For more recent works, you might like:

    
    
      Vernor Vinge
        "Rainbow's End"  -- more near term and what you describe
        "A Fire Upon the Deep" & "A Deepness in the Sky"
    
      David Brin
        "Earth"  -- again, more near term, although with a fantastic ending
        The Uplift Trilogy (a bit more fantastic, but very well done, particularly the 2nd and 3rd novels)
    

There are many "classic" authors and novels. One novel that receives somewhat
less attention/accolades, but which I think speaks to some of what you ask,
is:

    
    
      Arthur C. Clarke
        "The City and the Stars"
    

Neal Stephenson' _The Diamond Age_ might also resonate. And while both more
"near term" and historical, his _Cryptonomicon_ has some very worthy
reflections and speculations.

And I guess I really can't pass up suggesting Carl Sagan's _Contact_. Superb.

As for films, I'm not the most versed, but the following, more "real" science
fiction films come to mind:

    
    
      GATTACA
      Blade Runner (yeah, yeah, but I just re-watched it)
      And I'll mention that Star Trek (particularly, for me, The Next Generation), is now on or coming to Netflix
    

P.S. And of course, William Gibson's _Neuromancer_ and, was it the next one or
the next two novels? His short story collection, "Burning Chrome", fits well
into these two or three.

And as for a certain pragmatic perspective on human psychology, behavior, and
possible near term societal/political developments, the classic Heinlein
ouvre, while perhaps sexist or interpretable as such, and also in other ways
somewhat "archaic", is nonetheless insightful.

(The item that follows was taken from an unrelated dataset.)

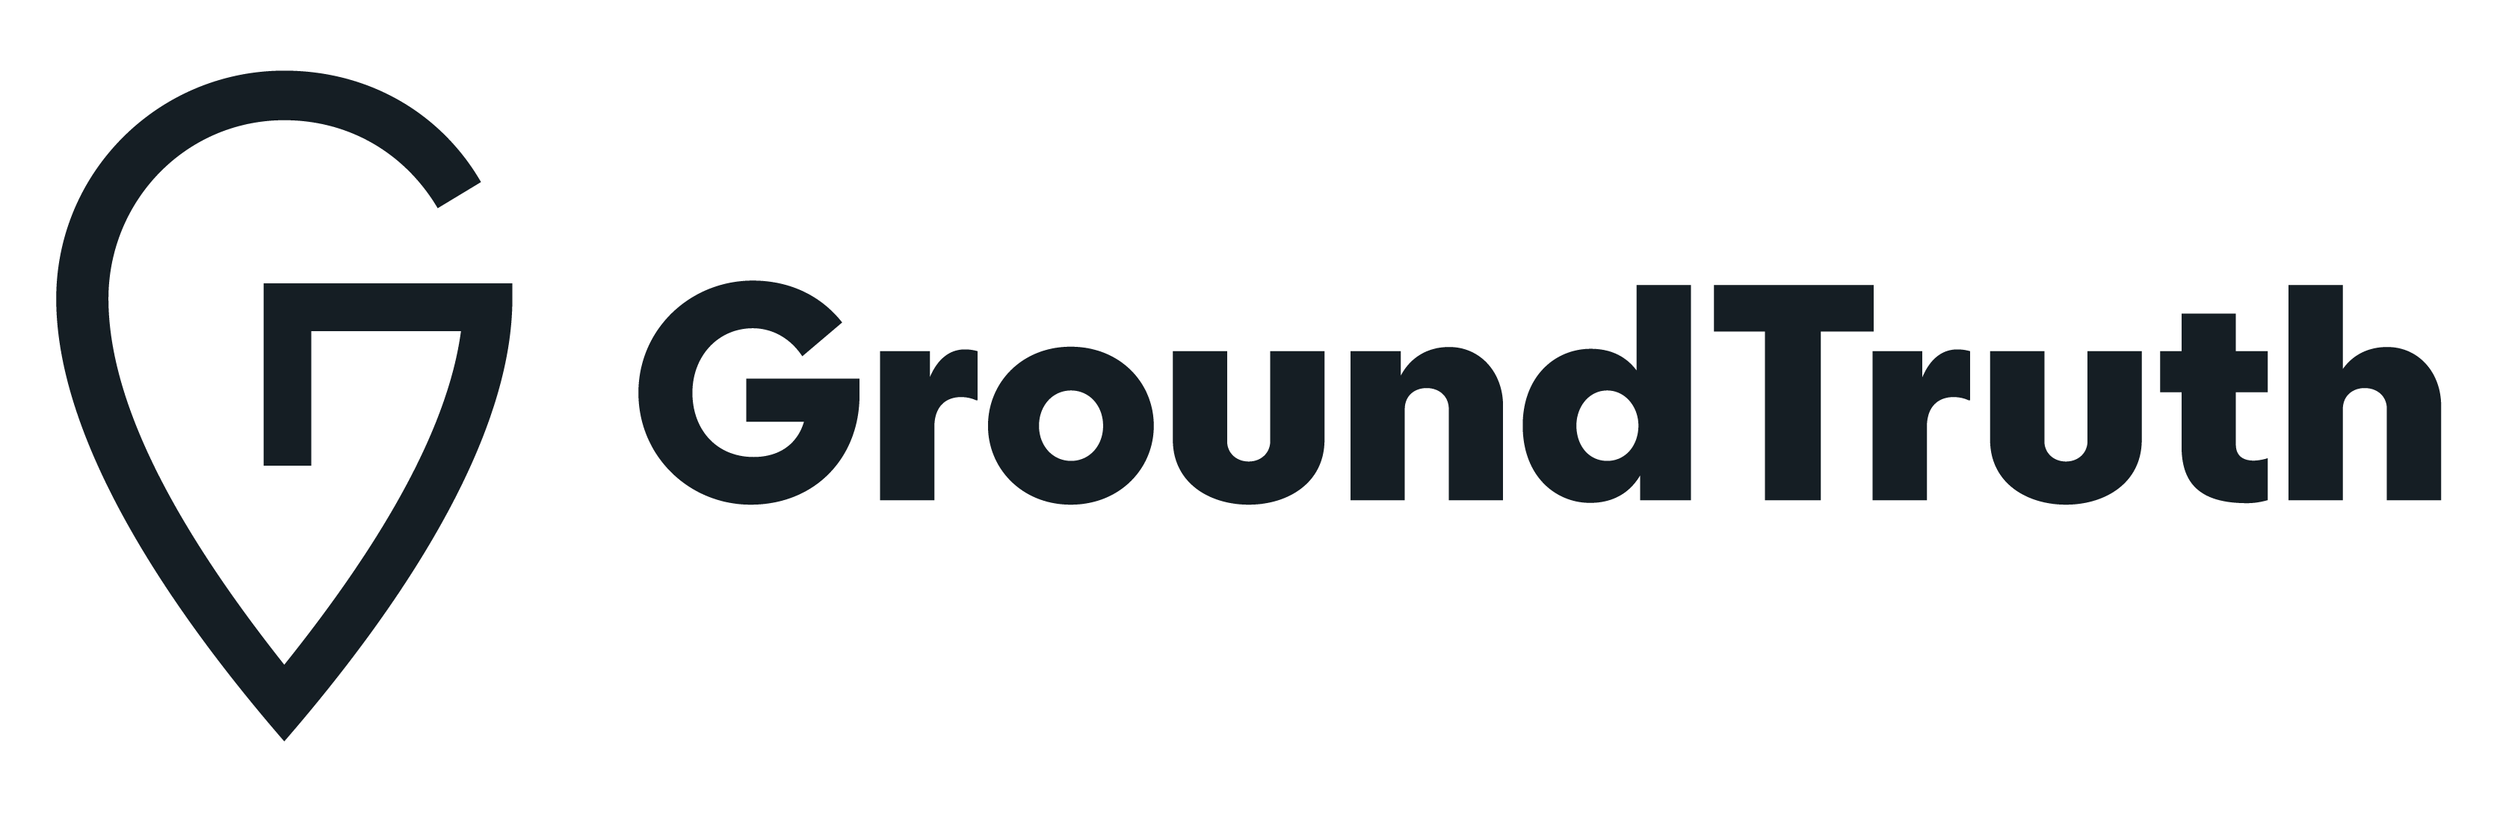 GroundTruth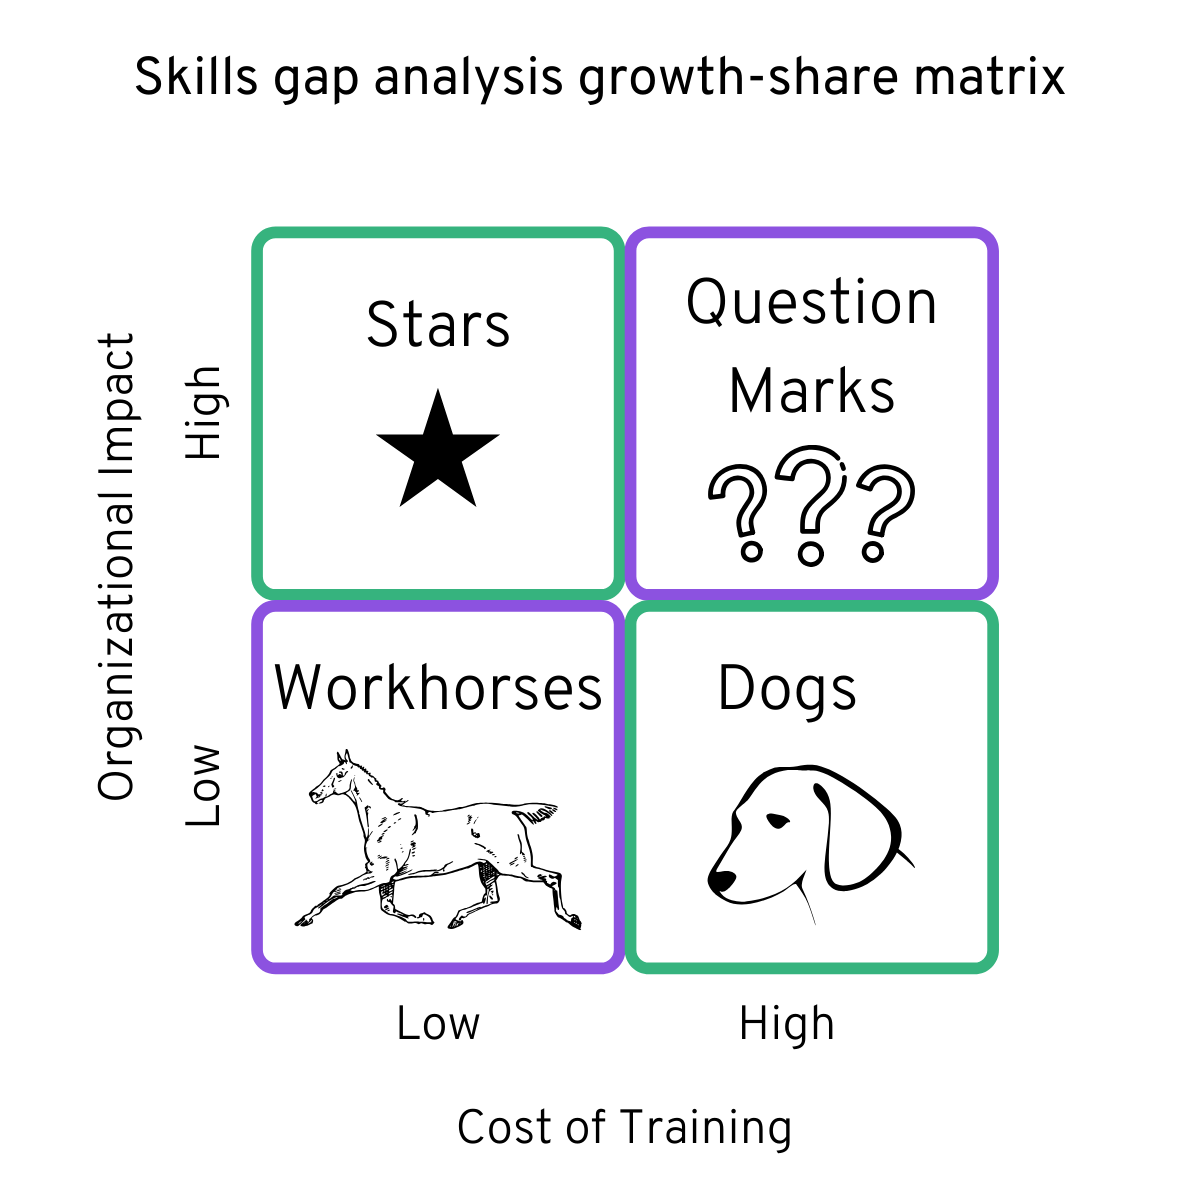 skills gap analysis growth-share matrix

Probably not what you're looking for, but now that I've rambled on, there it
is.

P.P.S. I found Asimov's original "Robot" trilogy a very insightful allegory
for the competing demands of public knowledge and privacy in the modern world.
Set aside the robotic aspect, per se, and look at how the different societies
lead there lives and social conduct.

------
arethuza
The story "Epoch" by Cory Doctorow was commissioned by Mark Shuttleworth (the
Ubuntu chap) and really is rather good - it is the story of the first "real"
AI and the system administrator who gets the job of turning it off:

<http://craphound.com/?p=2337>

As with all of Cory's work - strongly recommended!